In February 2022, the FDA approved empagliflozin to decrease the risk of cardiovascular death and hospitalization in adults with heart failure. With regard to cardiovascular indications, this agent has also been approved to decrease the risk of cardiovascular death in adults with type 2 diabetes and pre-existing cardiovascular disease, as well as to decrease the risk of death/hospitalization in individuals with heart failure and low ejection fraction.

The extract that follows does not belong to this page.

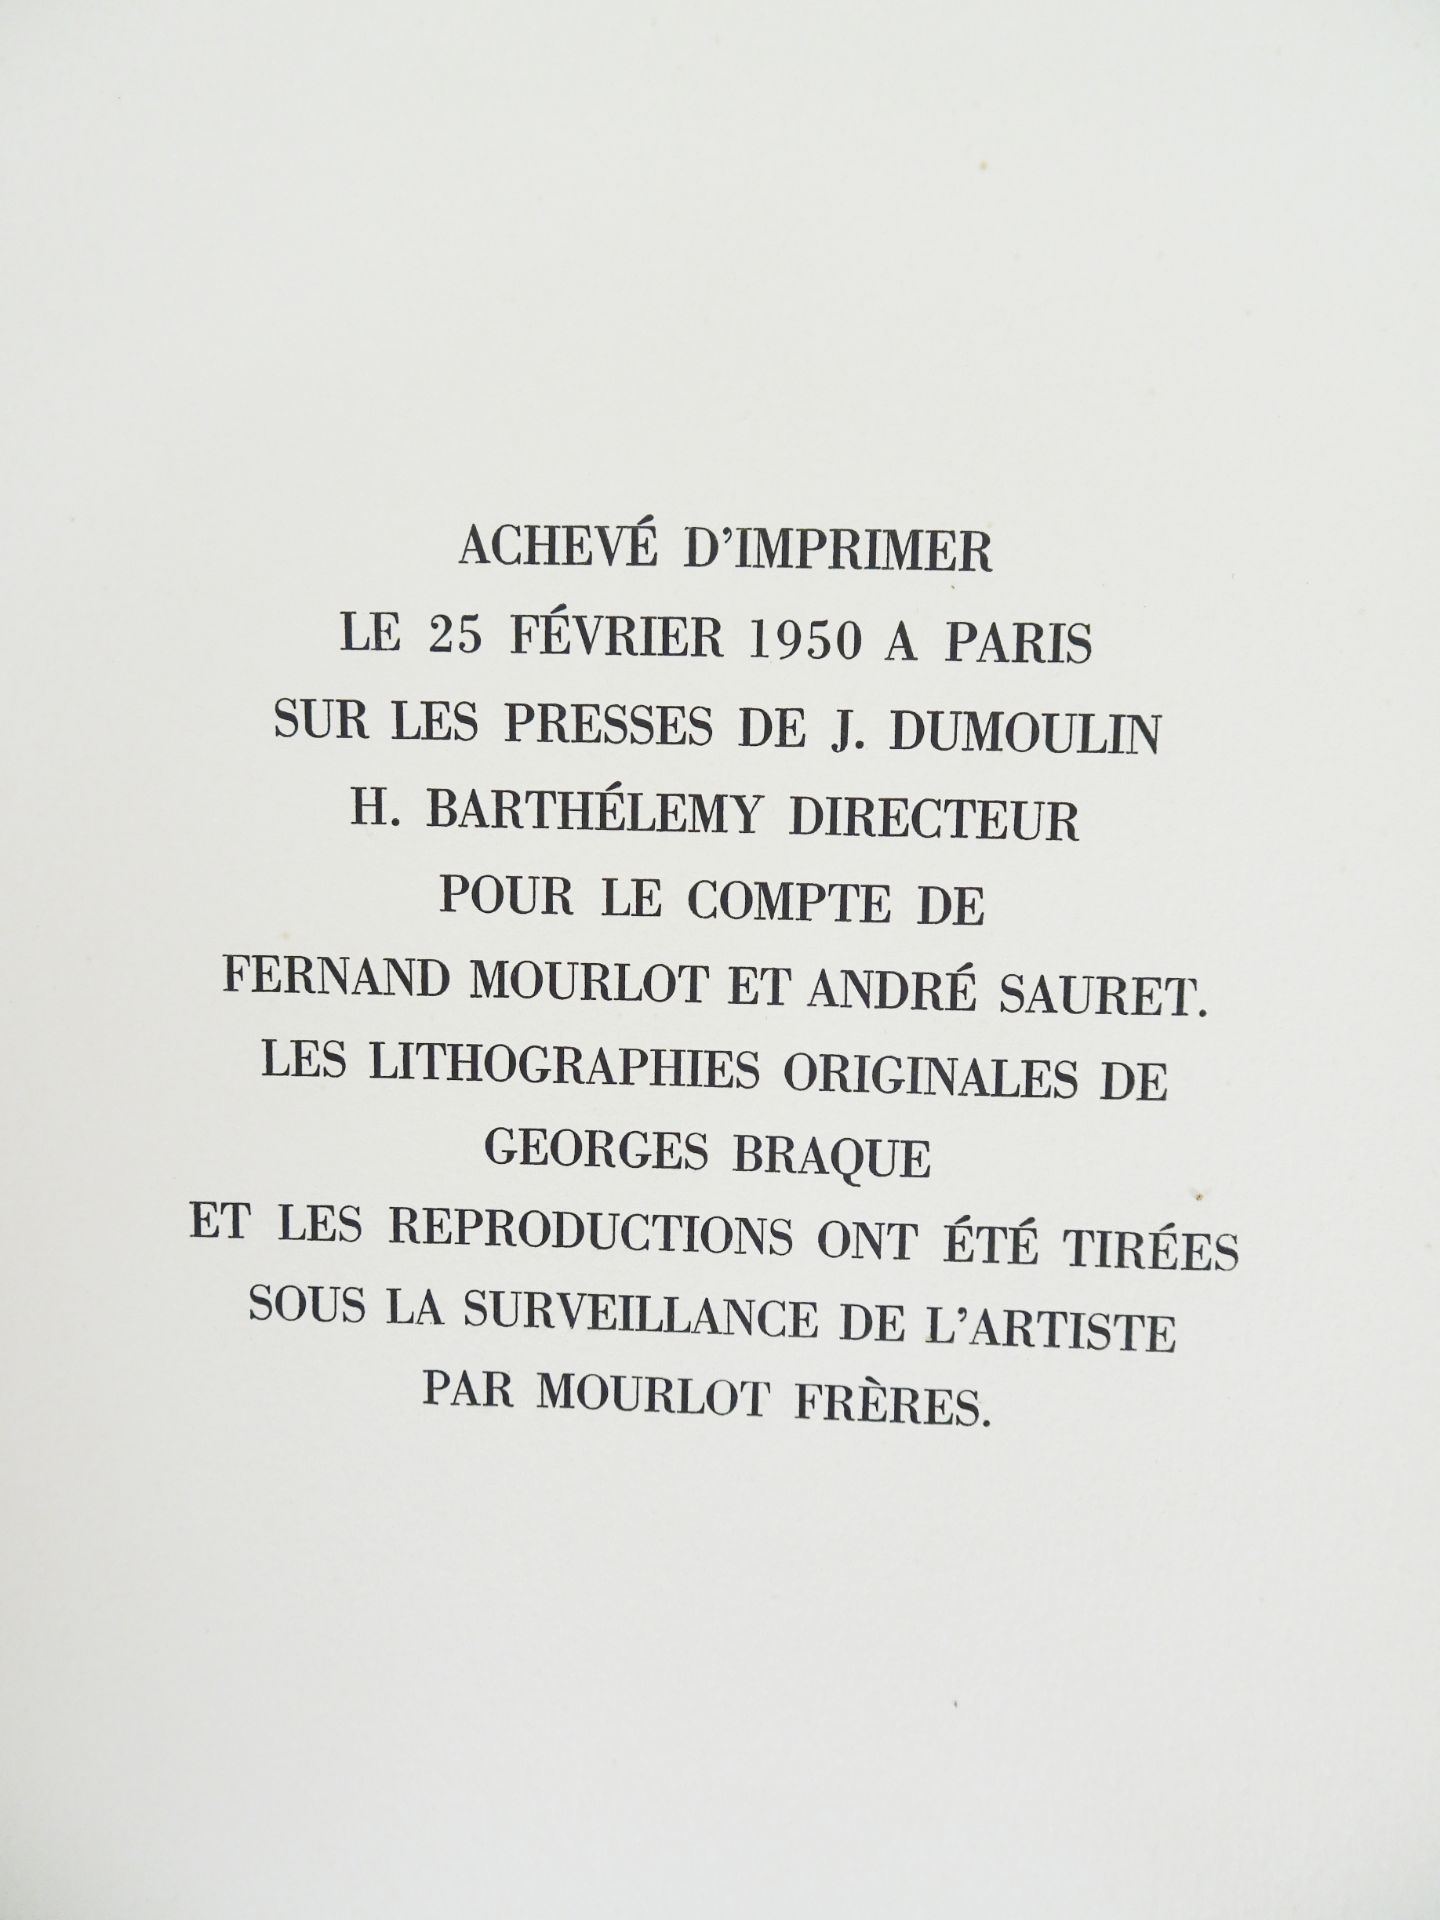 |Art| Braque George & REVERDY Pierre, "Une Aventure méthodique" - signé par l'artiste, 1950 - Image 17 of 17

The safety and effectiveness of empagliflozin were compared with standard of care in a randomized, double-blind trial. Overall, the adverse effects of this agent were similar to those of patients with diabetes. In patients with heart failure with preserved ejection fraction (HFpEF), acute renal failure, hypotension, and urinary tract infections were the most common adverse effects of interest, whereas in patients with heart failure with reduced ejection fraction (HFrEF), volume depletion, symptomatic hypotension, and urinary tract infections were most common. Empagliflozin should not be prescribed to patients who are allergic or to those on dialysis. Before prescribing empagliflozin, it is important to carefully consider risk factors for diabetic ketoacidosis (DKA), as this agent increases the risk of DKA.
What has been your clinical experience with adverse events secondary to the administration of empagliflozin? How do you manage these adverse events? When do you decide to discontinue this agent?